Muslim women take part in a protest outside the Court of Appeal. Picture: Vincent Thian/AP

Muslim women take part in a protest outside the Court of Appeal. Picture: Vincent Thian/AP

  • by EILEEN NG in KUALA LUMPUR
 

Malaysia’s top court has ruled that non-Muslims cannot use the word “Allah” to refer to God, delivering the final word on a contentious debate that has reinforced complaints that religious minorities are treated unfairly in the country, where the majority of people are Muslims.

In a 4-3 judgment, the Federal Court rejected a challenge by the Roman Catholic Church and upheld a government ban.

Most Christians in Malaysia worship in English, Tamil or Chinese dialects, and refer to God in those languages. But some Malay-speaking people on Borneo island have no other word for God but “Allah”, a Malay word derived from Arabic. The Church had argued that the ban failed to consider the rights of all minorities.

The lengthy court cases, which began in 2009, also raised the question whether the freedom of religion guaranteed by the country’s constitution is real.

The Rev Lawrence Andrew, editor of Catholic newspaper The Herald, which is at the centre of the controversy, said: “We are disappointed. The four judges who denied us the right to appeal did not touch on fundamental basic rights of minorities.

“It will confine the freedom of worship.

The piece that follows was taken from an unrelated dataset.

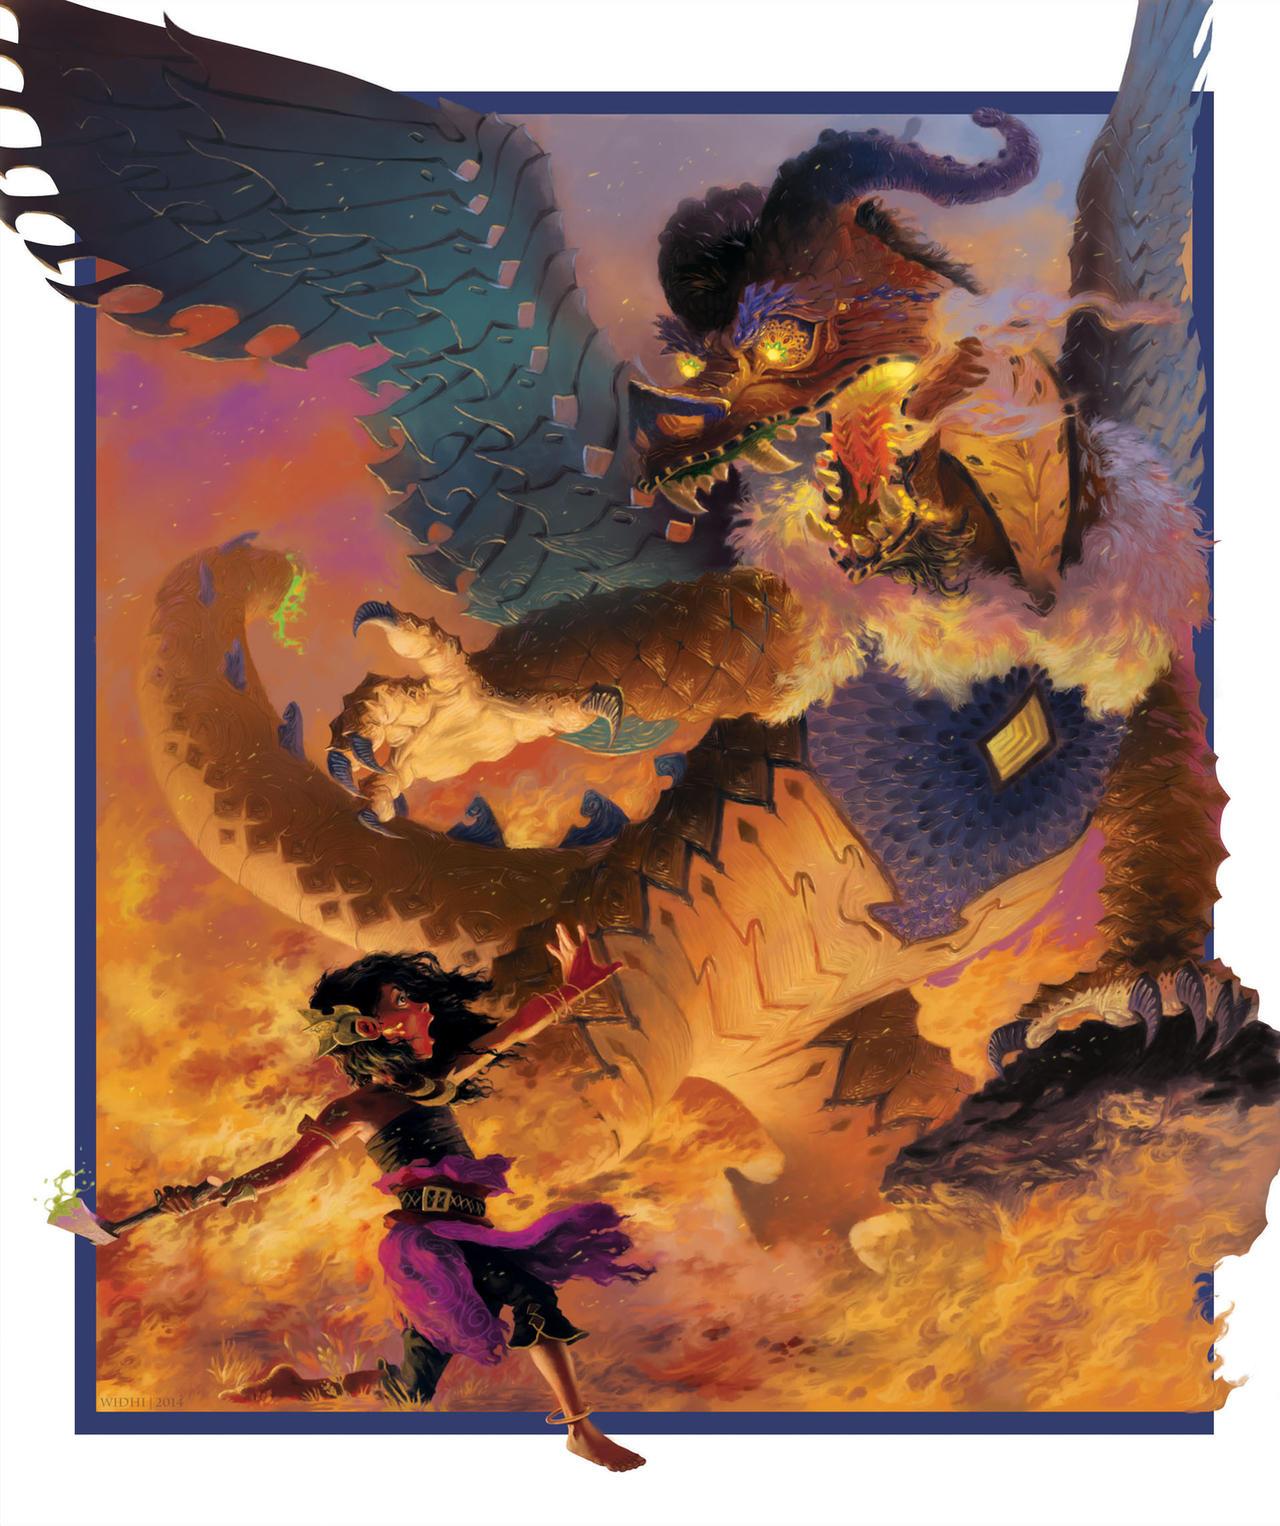 Amanda and the Dragon

We [Christians] are a minority in this country, and when our rights are curtailed, people feel it.”

The court ruled that the Church had no grounds to appeal against last year’s lower court decision, which banned the use of “Allah” in the Malay-language weekly. The Catholic Church may ask the court to review the decision, Mr Andrew said.

The government says “Allah” should be reserved exclusively for Muslims, who make up nearly two-thirds of the country’s 29 million people. If other religions use the term, that could confuse Muslims and lead them to convert away from Islam, it claims.

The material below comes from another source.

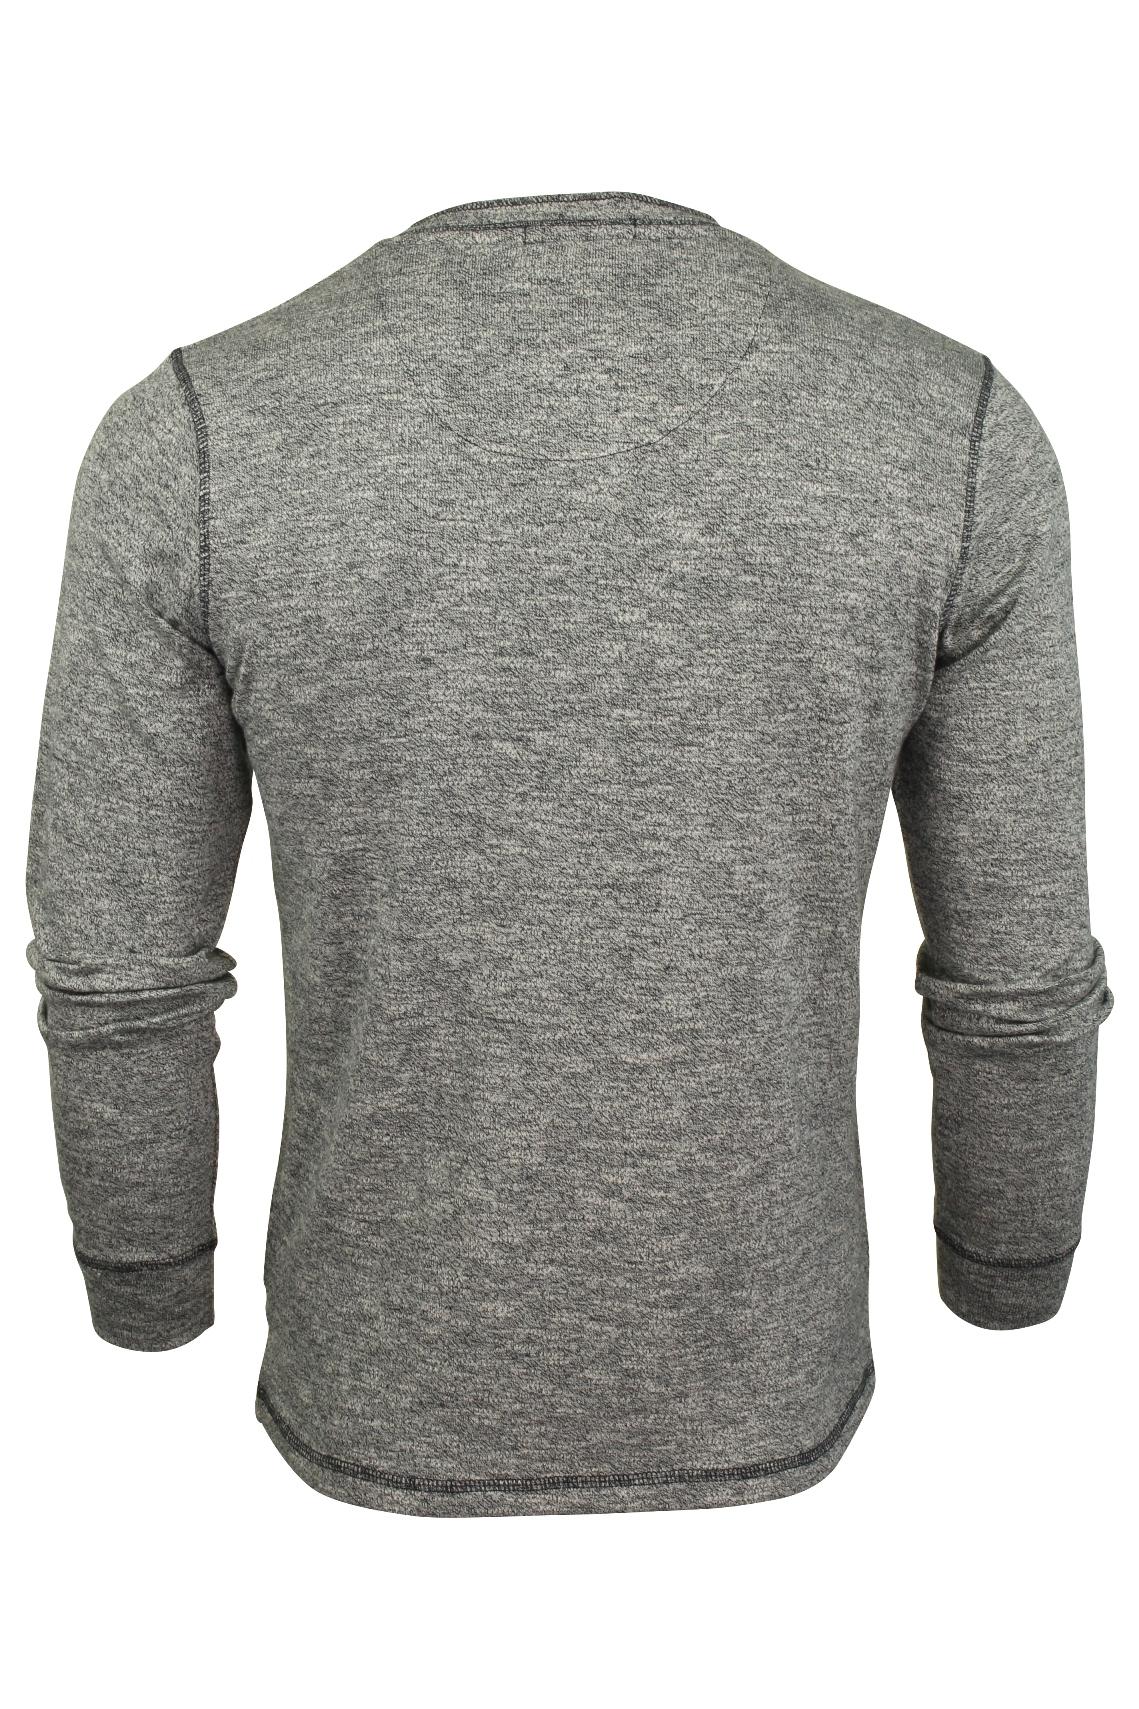 Mens-Long-Sleeve-Grandad-T-Shirt-by-Tokyo-Laundry-039-Roosevelt-039-Siro-Slub-Jersey thumbnail 5

Christian leaders argue that the ban is unreasonable because Christians who speak the Malay language have long used the word in their Bibles, prayers and songs. Christians make up about 9 per cent of the population. The ban appears to apply mostly to published materials, not spoken words – newspapers using the term would lose their licence. Imported Malay-language Bibles containing the term have already been blocked.

However, it is not clear what the punishment would be for violating the ban.

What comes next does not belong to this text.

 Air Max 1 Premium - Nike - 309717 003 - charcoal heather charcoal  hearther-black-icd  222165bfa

Phil Robertson, a spokesman for Human Rights Watch, said: “This is a sad state of affairs that shows how far and fast religious tolerance is falling in Malaysia.

“The Malaysian government should be working to promote freedom of religion rather politically exploiting religious wedge issues.”

The controversy has provoked violence in Malaysia.

Anger over a lower court ruling against the ban in 2009 led to a string of arson attacks and vandalism at churches and other places of worship. A 2013 judgment by the Court of Appeals reversed that decision, prompting the Catholic church to ask the Federal Court to overturn it.

An umbrella group of Catholic, Protestant and Orthodox churches in Malaysia said Christians will continue to use the word “Allah” in their Bibles and worship, saying the court ruling was only confined to the specific Catholic newspaper.

The Rev Eu Hong Seng, chairman of the Christian Federation of Malaysia, said: “We maintain that the Christian community continues to have the right to use the word ‘Allah’ in our Bibles, church services and Christian gatherings.”

Defence minister Hishammuddin Hussein said: “This is an emotional issue that can affect the country’s [racial] harmony. We must handle it with wisdom. The court has made a decision, so let’s accept it.”

Some experts believe the issue is an attempt by prime minister Najib Razak’s ruling Malay party to strengthen its conservative Muslim voter base as government policies have made Islam and Malay identity inseparable.